Text analysis tasks have been around for some time as the needs are always there. Research has come a long way, from simple statistical descriptions to text classification and advanced text generation. With the addition of the large language model to our arsenal, our work tasks become even more accessible.

Scikit-LLM is a Python package developed for text analysis activities with the power of LLM. This package stood out because we were able to integrate the standard Scikit-Learn process with Scikit-LLM.

So what is this package all about and how does it work? Let's get into it.

Scikit-LLM is a Python package to enhance text data analysis tasks through LLM. It was developed by ai/” rel=”noopener” target=”_blank”>beatsbyte to help bring together the Scikit-Learn standard library and the power of the language model.

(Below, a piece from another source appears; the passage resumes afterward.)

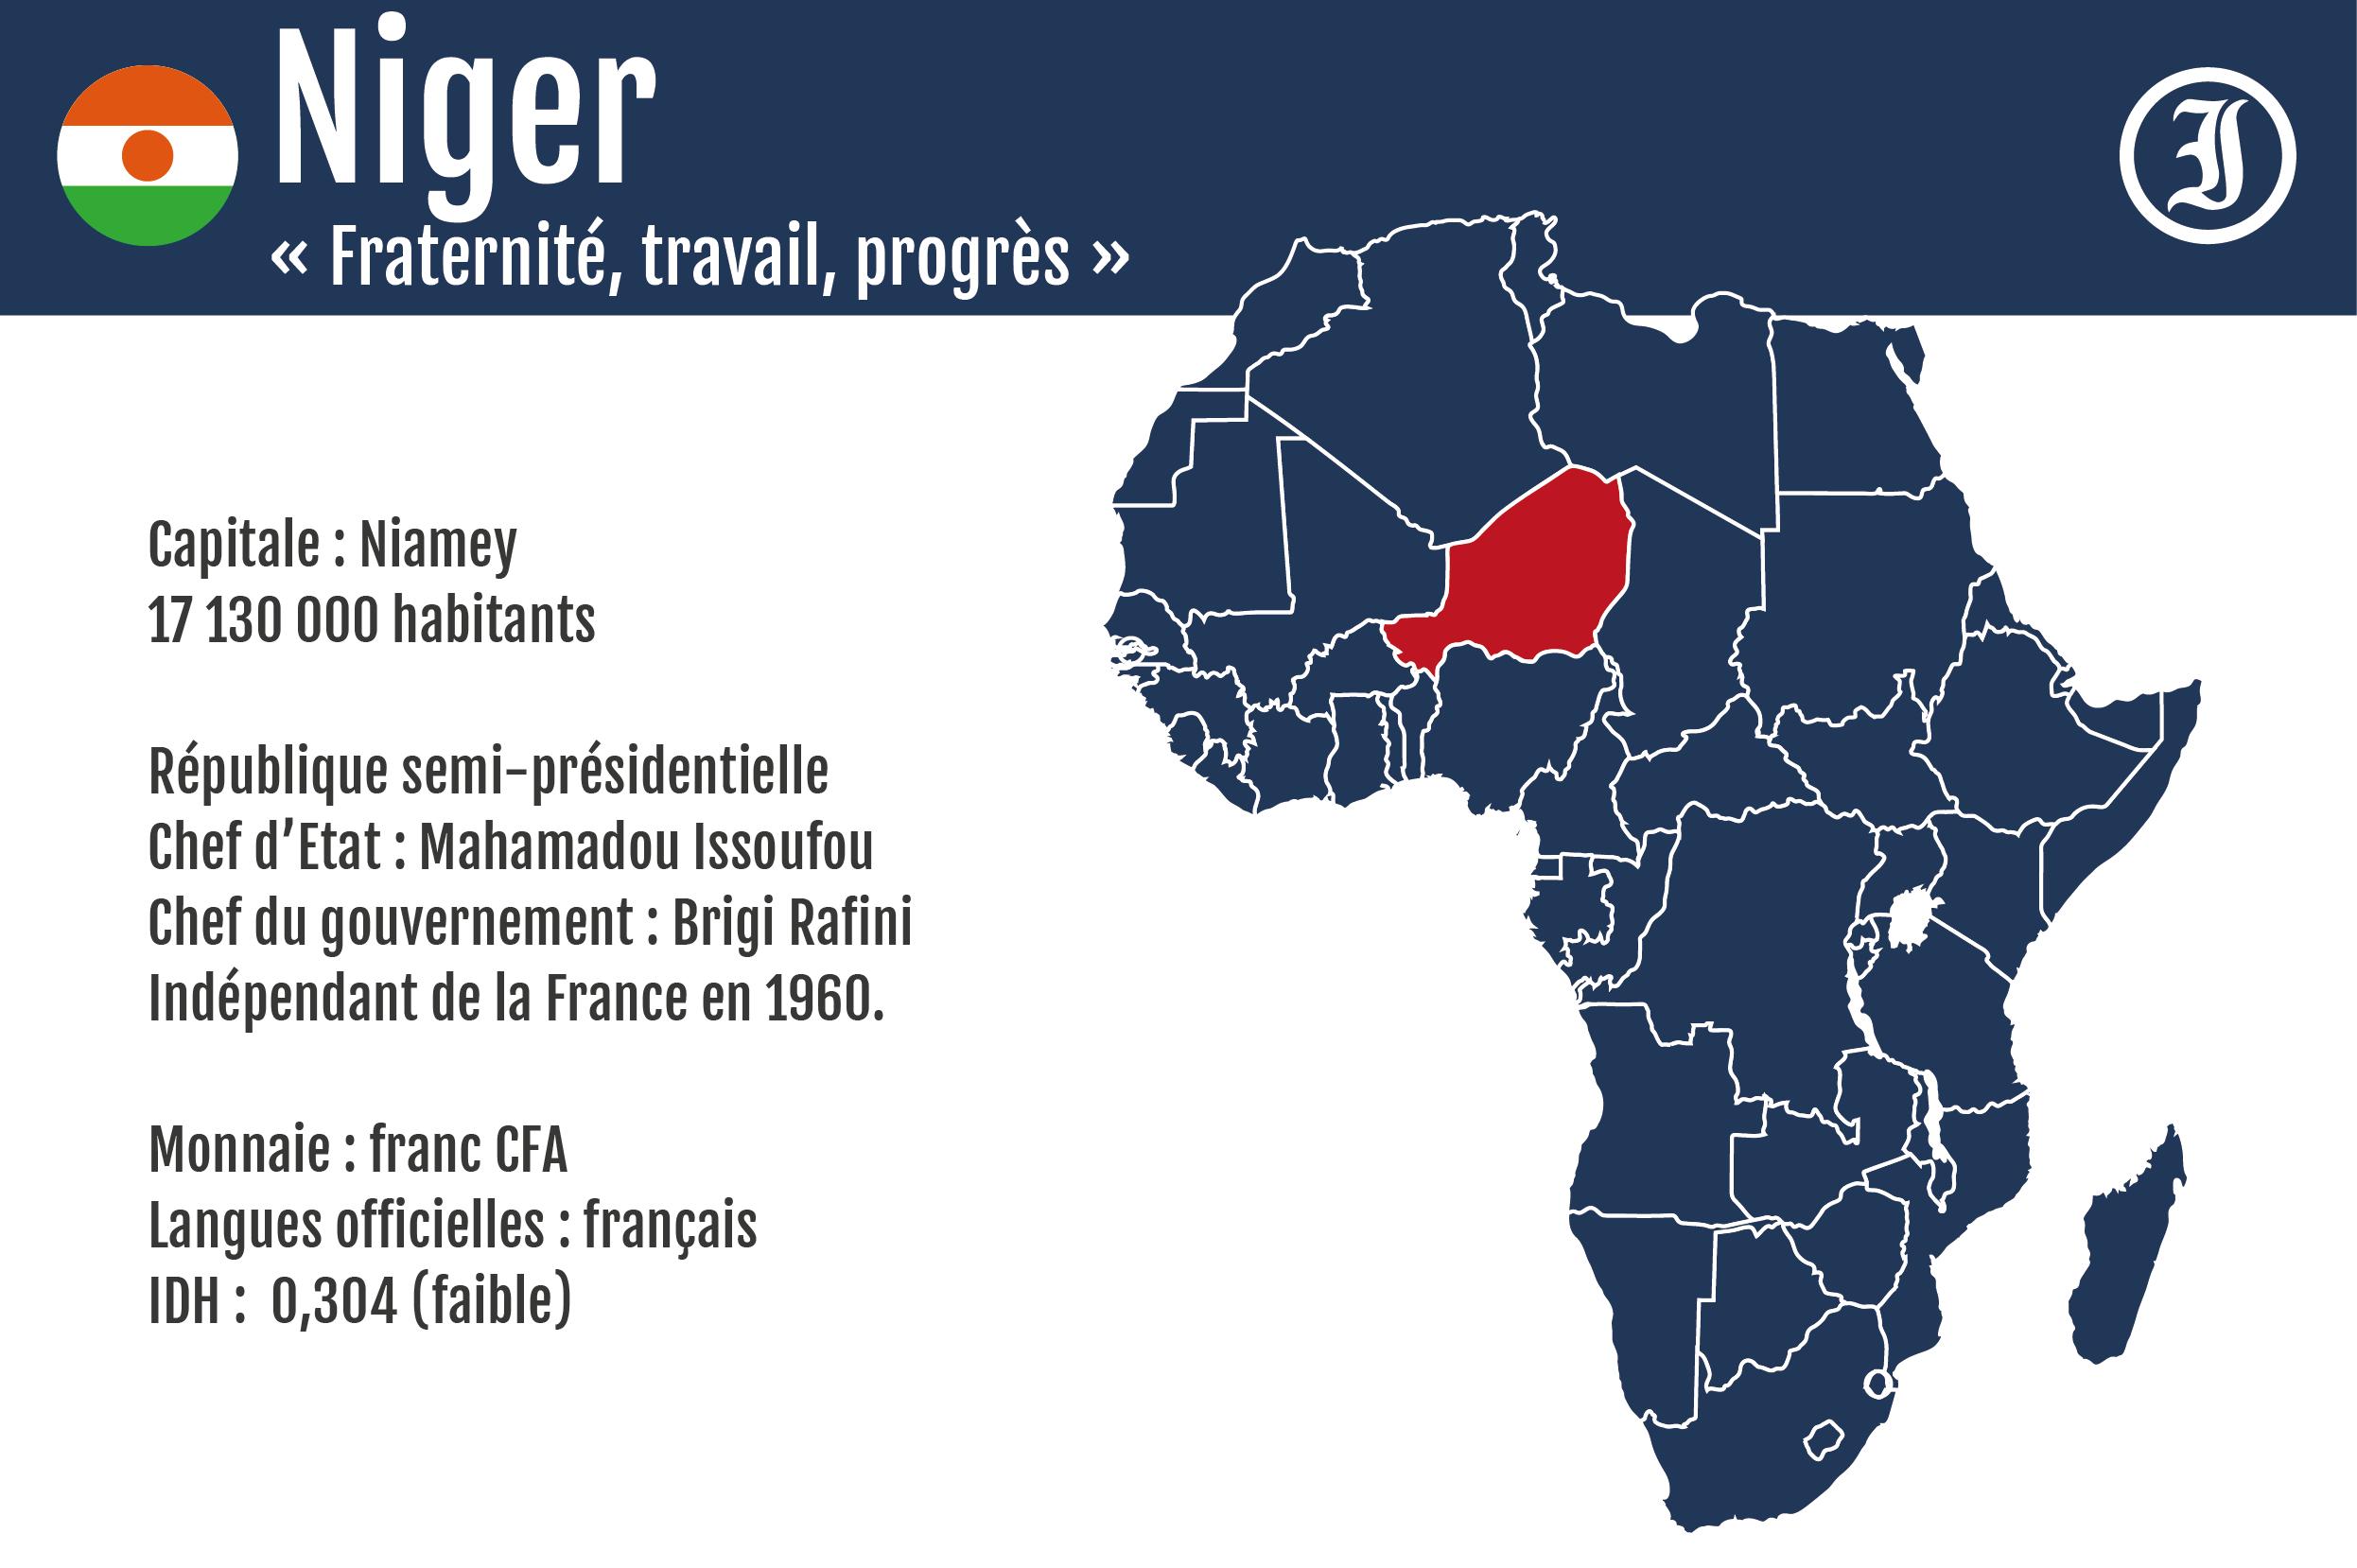 Épidemie de méningite au Niger

Scikit-LLM created their API to be similar to the SKlearn library, so we don't have too many problems using it.

Facility

To use the package, we need to install them. To do that you can use the following code.

At the time of writing, Scikit-LLM only supports some of the OpenAI and GPT4ALL models. That's why we would only work with the OpenAI model. However, you can use the GPT4ALL model by installing the component initially.

pip install scikit-llm(gpt4all)

After installation, you must configure the OpenAI key to access LLM models.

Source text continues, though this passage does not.